Winsome uber-geek Jeri Ellsworth, aka Circuit Girl, describes how she attached a floppy drive to a tape deck to record and play back audio, creating the floppy drive reverb effect.

Note: We’ve got to interrupt this post to note that Ellsworth reverse-engineered the C-64 onto a chip, and  owns 43 pinball machines and 3 electron microscopes. She never graduated high school, but now gives guest lectures at Stanford.

She also rolls cars for fun, when she’s not turning old floppy drives into audio effects.

Back to the floppy drive reverb effect:

A simple circuit stepped the head automatically using the spindle index pulse. A push button was used to control the direction. The drive head wrote to more than one track at a time, causing an interesting reverb effect. ***Erasing the disk with rare earth magnets while spinning in the not mentioned in the video.

Leave a comment with your thoughts on Circuit Girl and the floppy drive reverb!

7 thoughts on “Circuit Girl Turns Floppy Drive Into Reverb

  1. This is quite a hack but the effect actually sounds kind of cool.

    I wish they would have included some directly recorded audio, so we could have a better idea of what it sounds like.

    Circuit Girl sounds pretty cool, too!

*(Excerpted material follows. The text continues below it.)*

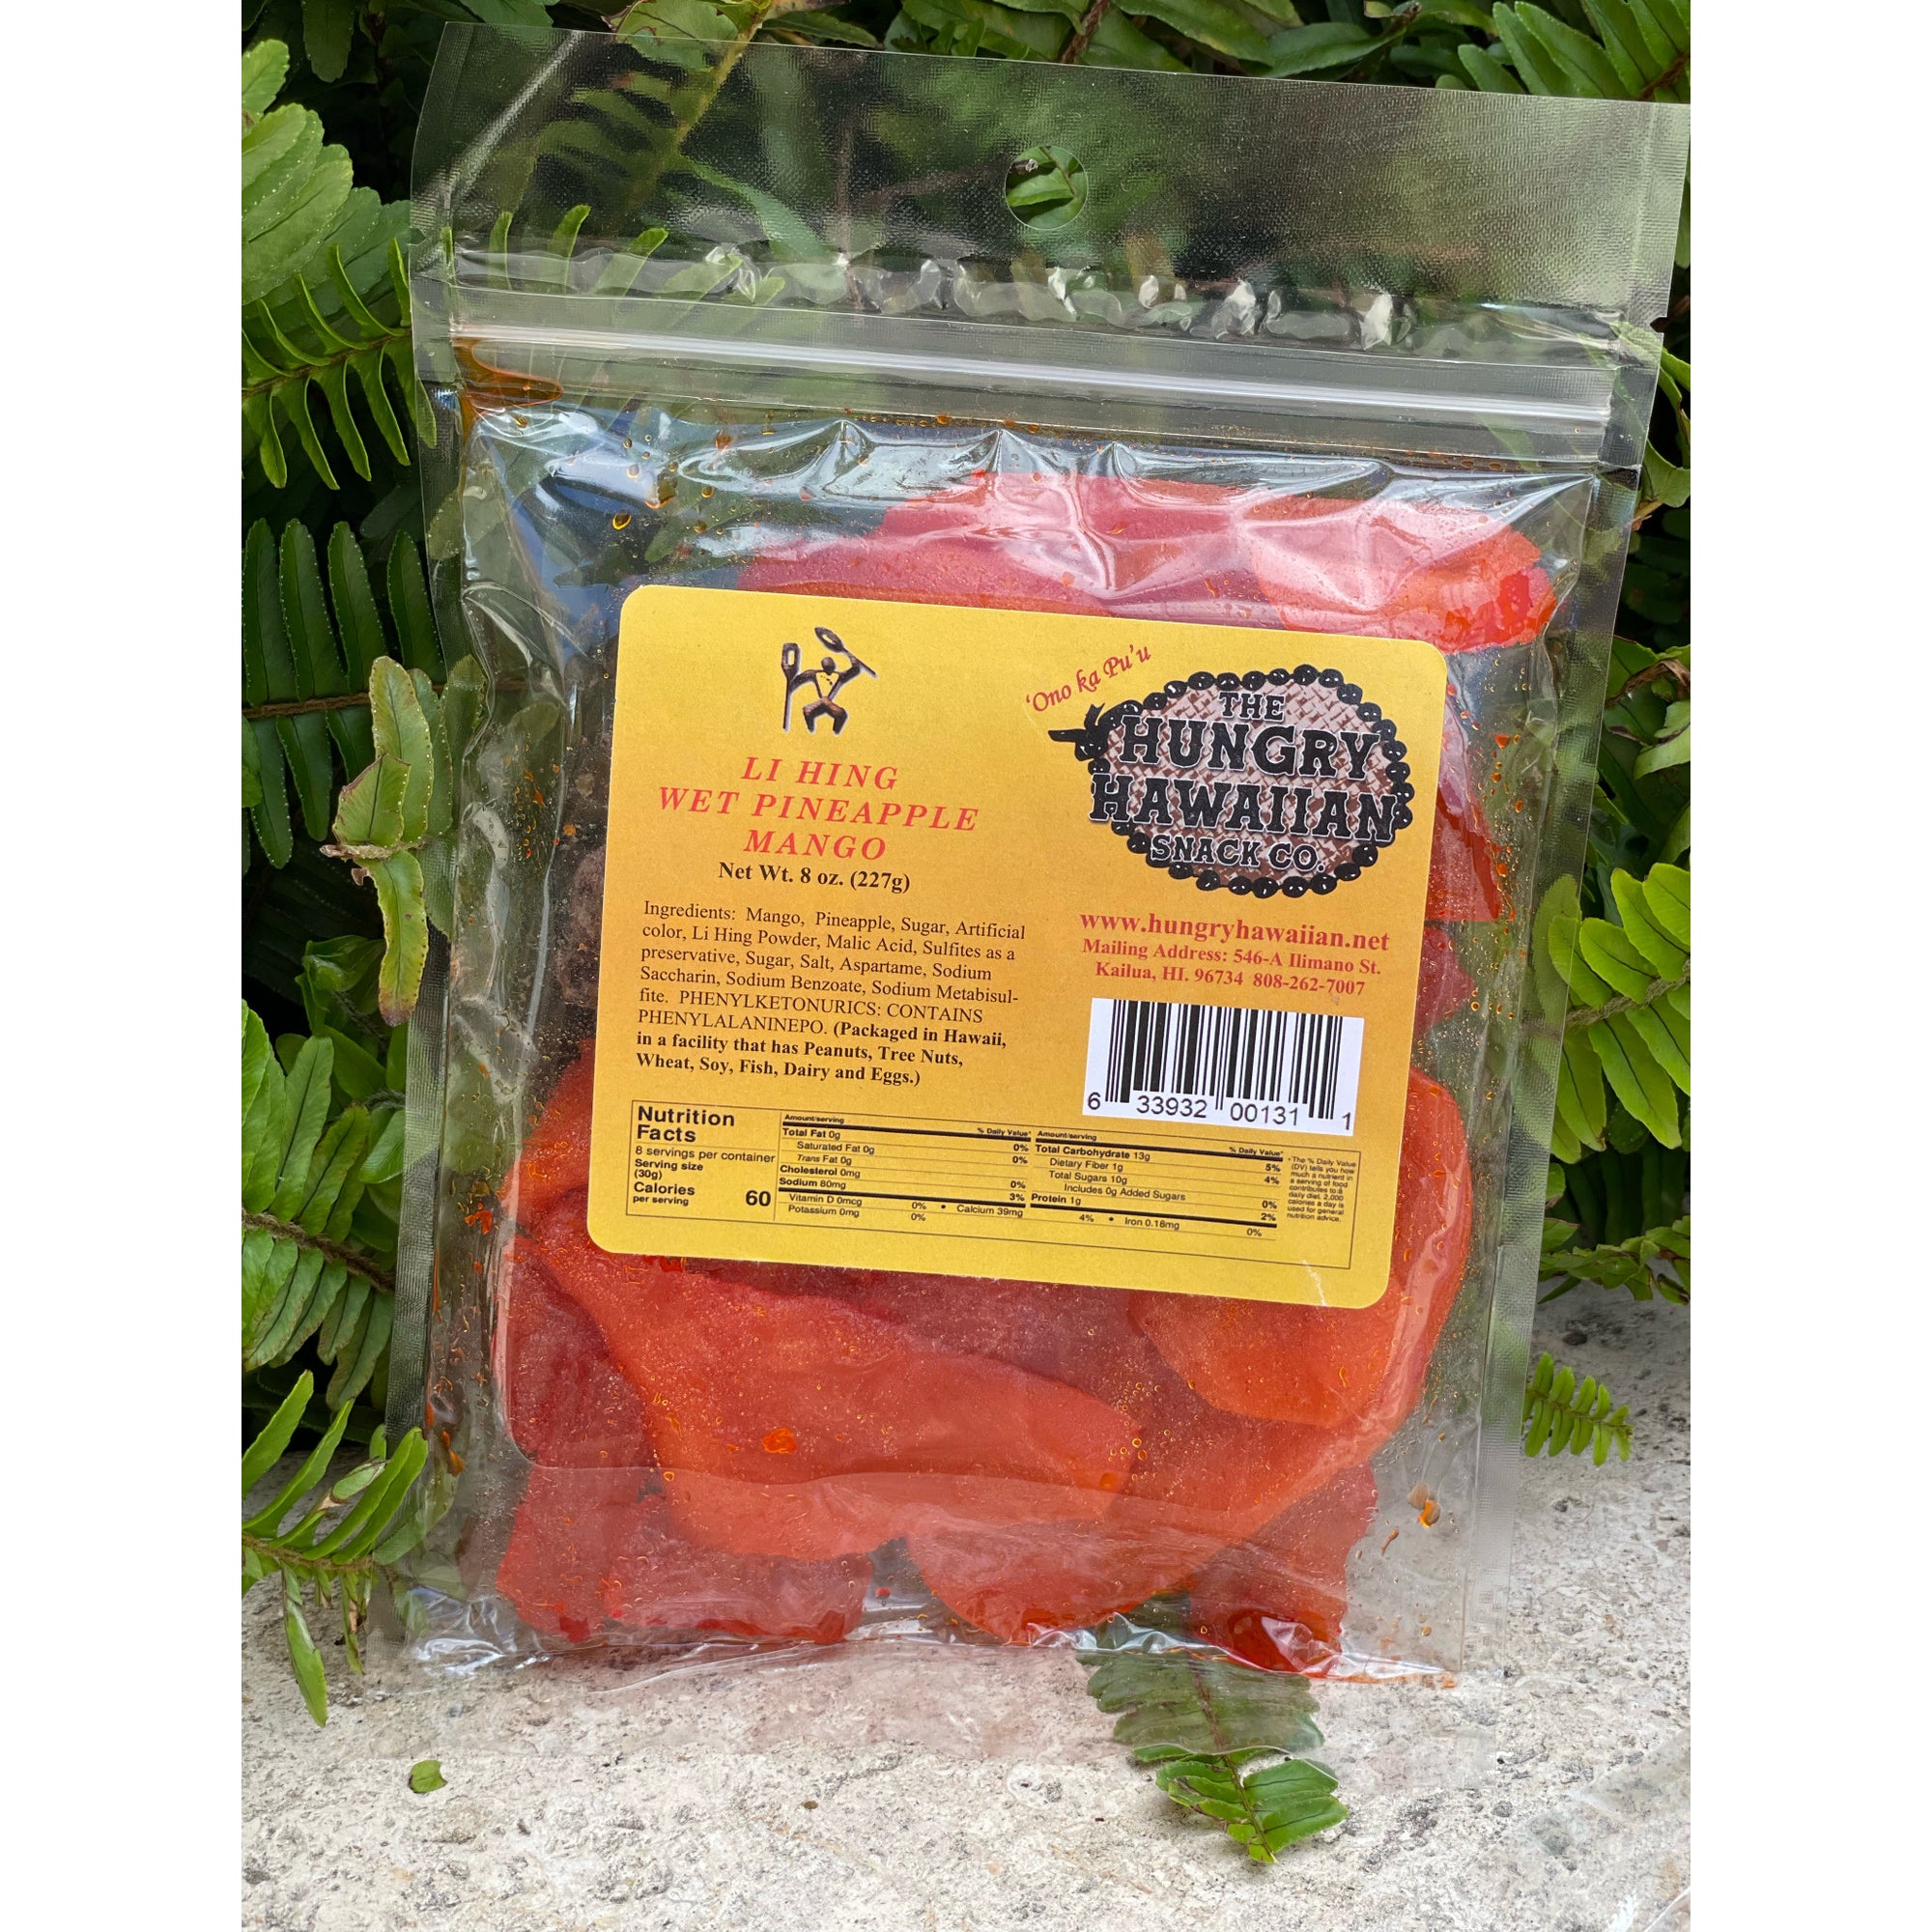 Pop-Up Mākeke - The Hungry Hawaiian Snack Co. - Li Hing Wet Pineapple Mango Slices

  2. That’s pretty cool. Gotta love hackers repurposing older technology – to great effect!

    I’m also impressed by the FUNCTIONING Tempest machine in the background. I owned one in my college years – it’s not a very easy task to keep one working nowadays. Color vector monitors have a serious power defect, causing them to repeatedly blow expensive power transistors. Kudos to them for keeping such a beautiful machine alive and well.

  3. That is not reverb; it is called a delay line.
    A reverb is a much smoother effect that sounds like a complex acoustical space, rather than discrete echoes.